Schematic will be used to control a lot of common-anode RGB LEDs and current will be around 1A, so 60V/28A(max) MOSFET may be an overhead but that's what I got.
Can you please help me with the following
1. Will the schematic work as it is without NPN transistor controlling MOSFET gate?
2. Do I actually need current-limiting resistor to control Vgs or just the pull-up will do it?
3. Will MOSFET saturate on Vgs ~ -5V?
4. Will MOSFET close on Vgs ~ Vd - Vs = -1.7V?
5. How does the value of Pull-Up resistor affect how quickly I can switch MOSFET on/off (is 100Hz achievable?)

  • \$\begingroup\$ I have an equivalent circuit as the one in this question, except I’m using a 10k pull-up resistor and 12V on both the gate and source. The mosfet is conducting when my micro controller is powered off. Is that resistor value too high? \$\endgroup\$ Nov 29, 2017 at 17:53

1 Answer 1

  1. In general, simulating your design should answer that. Free tools like LTSpice or Qucs can be used for the simulation.
  2. The limiting resistor is good practice. The pull-up resistor does not limit current drawn from the microcontroller pin to the Gate. This current may spike beyond the MCU's pin maximum if directly connected, for charging the 1.4 nF input capacitance of the FET. A 180 Ohm resistor will be sufficient to limit pin current to under 28 mA, safe enough for many MCUs.

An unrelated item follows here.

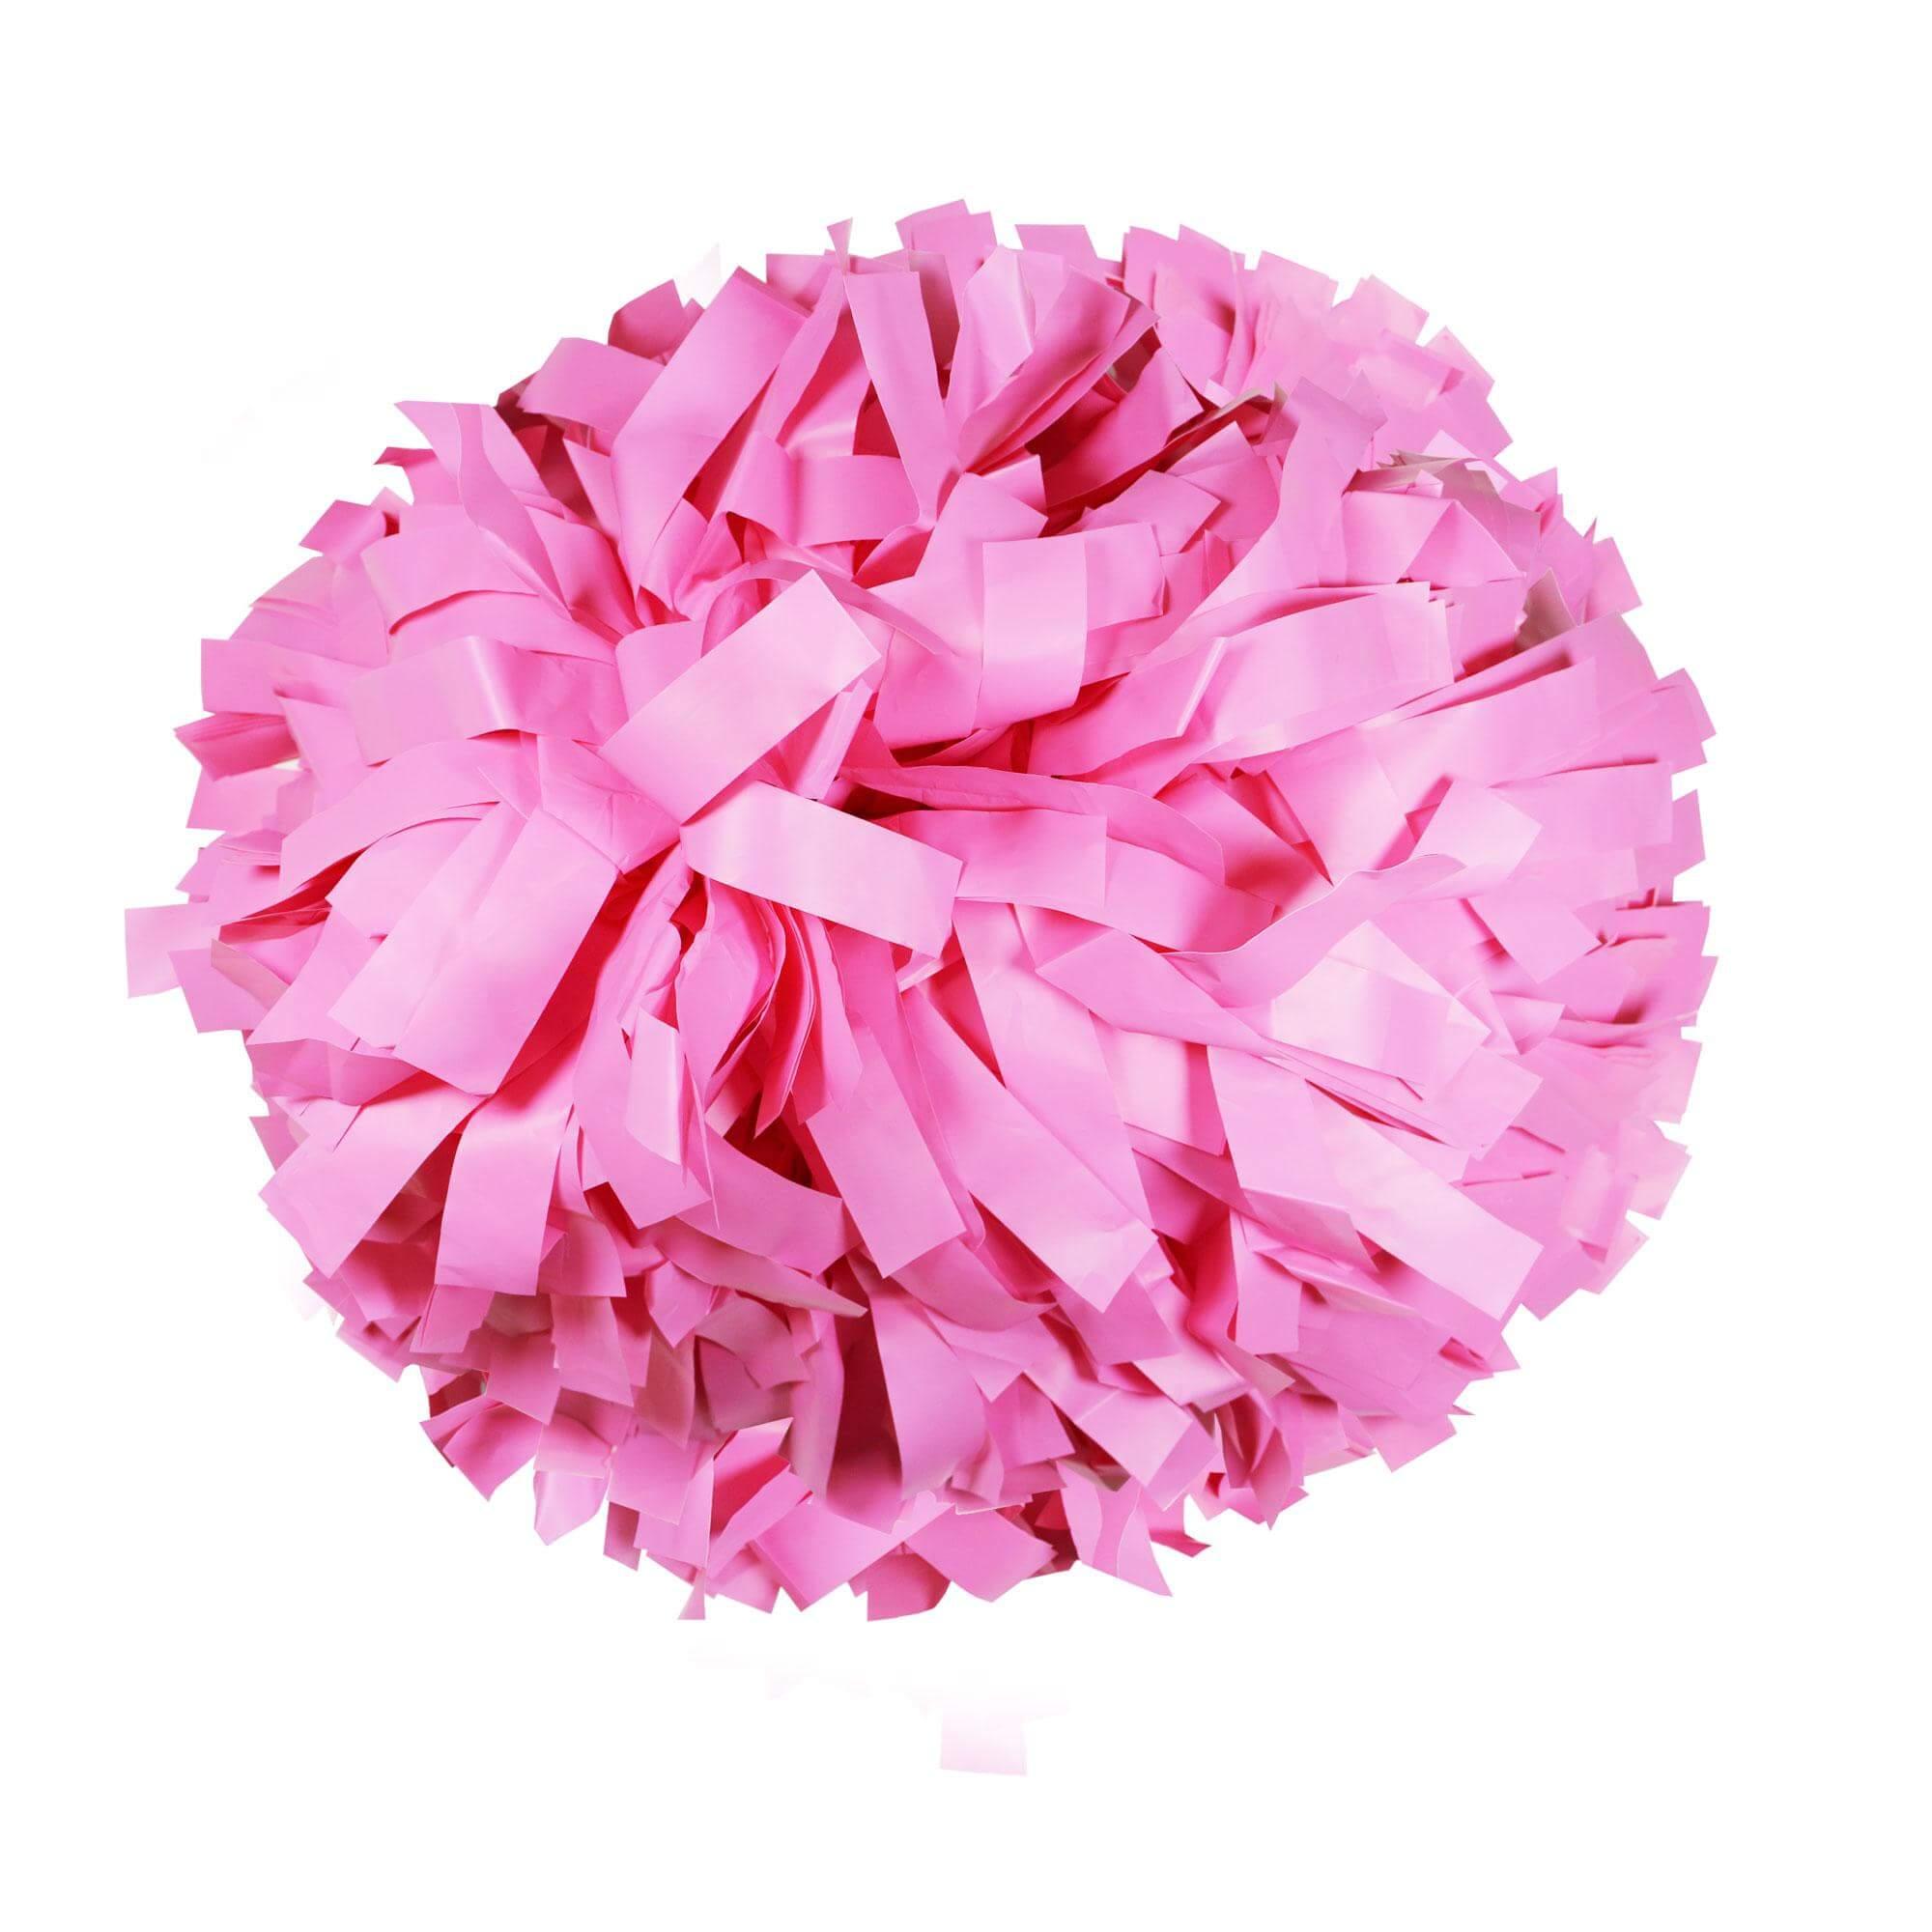 Danzcue Neon Pink Plastic Poms

  3. No. The Transfer Characteristics graph indicates a Vgs of around -6 volts required to saturate this FET, for Vds = -30 Volts. For Vds = -5 Volts and Vgs = -4 Volts (not -5V, see next point), the On-Region Characteristics graph indicates a current of well under 2 Amperes.
  4. It should, as the rated minimum Vgs.th is -2 Volts, while the voltage divider formed by the 2 kOhm pull-up and the 500 Ohm current limiting resistor gives Vgs values of -1.36 Volts and -4 Volts respectively for MCU pin high and low. The problem you will face is at the pin=low part.

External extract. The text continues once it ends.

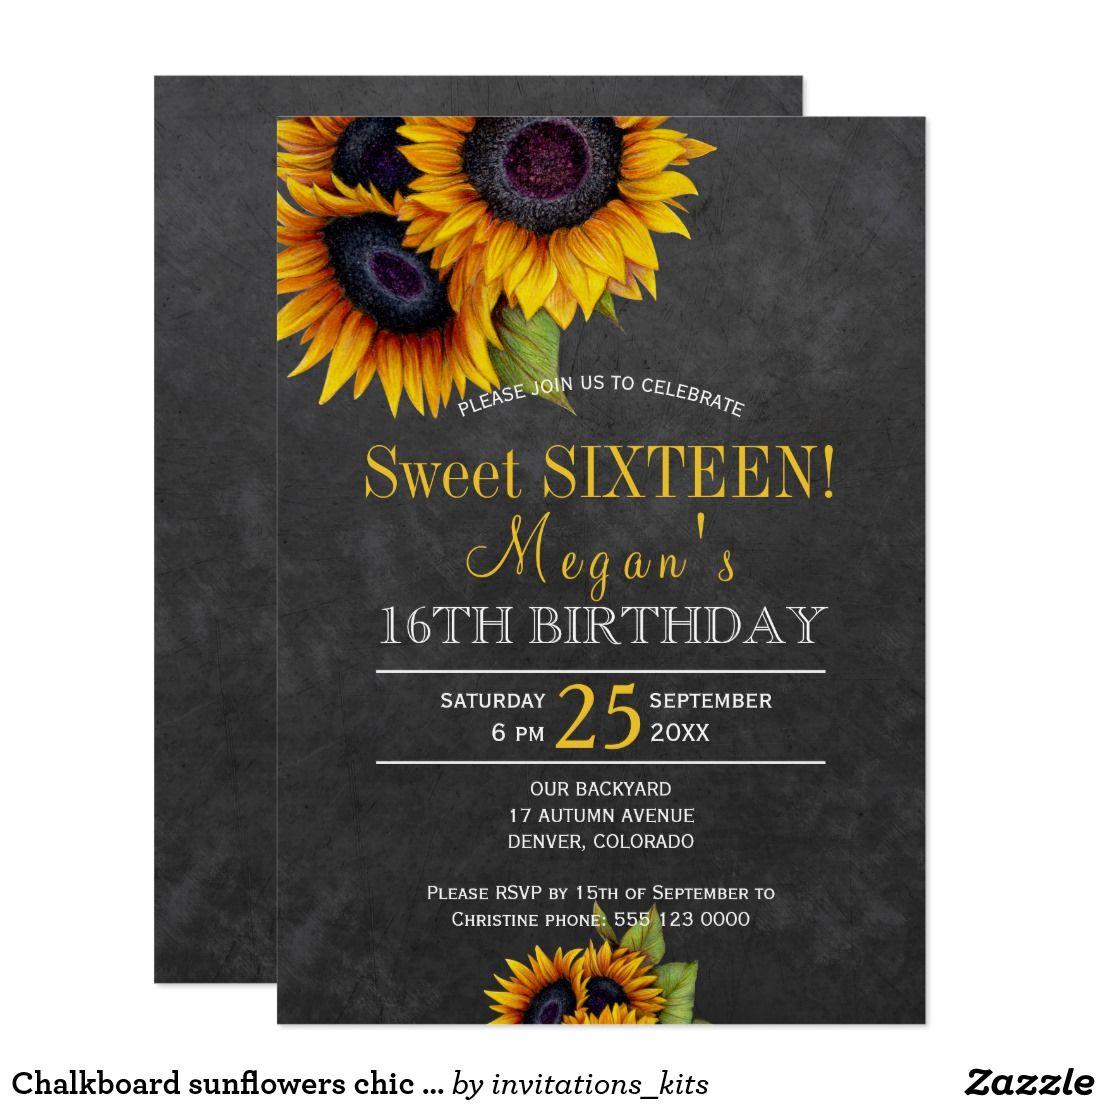 chalkboard sunflowers chic rustic sweet sixteen invitation in 2018

  5. Yes. The maximum switching cycle (turn-on + turn-off) for FQP27P06 is (45+380+70+190)=**685 nS**. Thus worst-case switching frequency is around 1.46 MHz (Vdd = 30 Volts, Rg = 25 Ohms). Allowing a hefty margin for the much lower Vdd = 5V and the 500 Ohm current limiting resistor, 15 KHz switching is definitely safe to aim for, much higher than the target of 100 Hz.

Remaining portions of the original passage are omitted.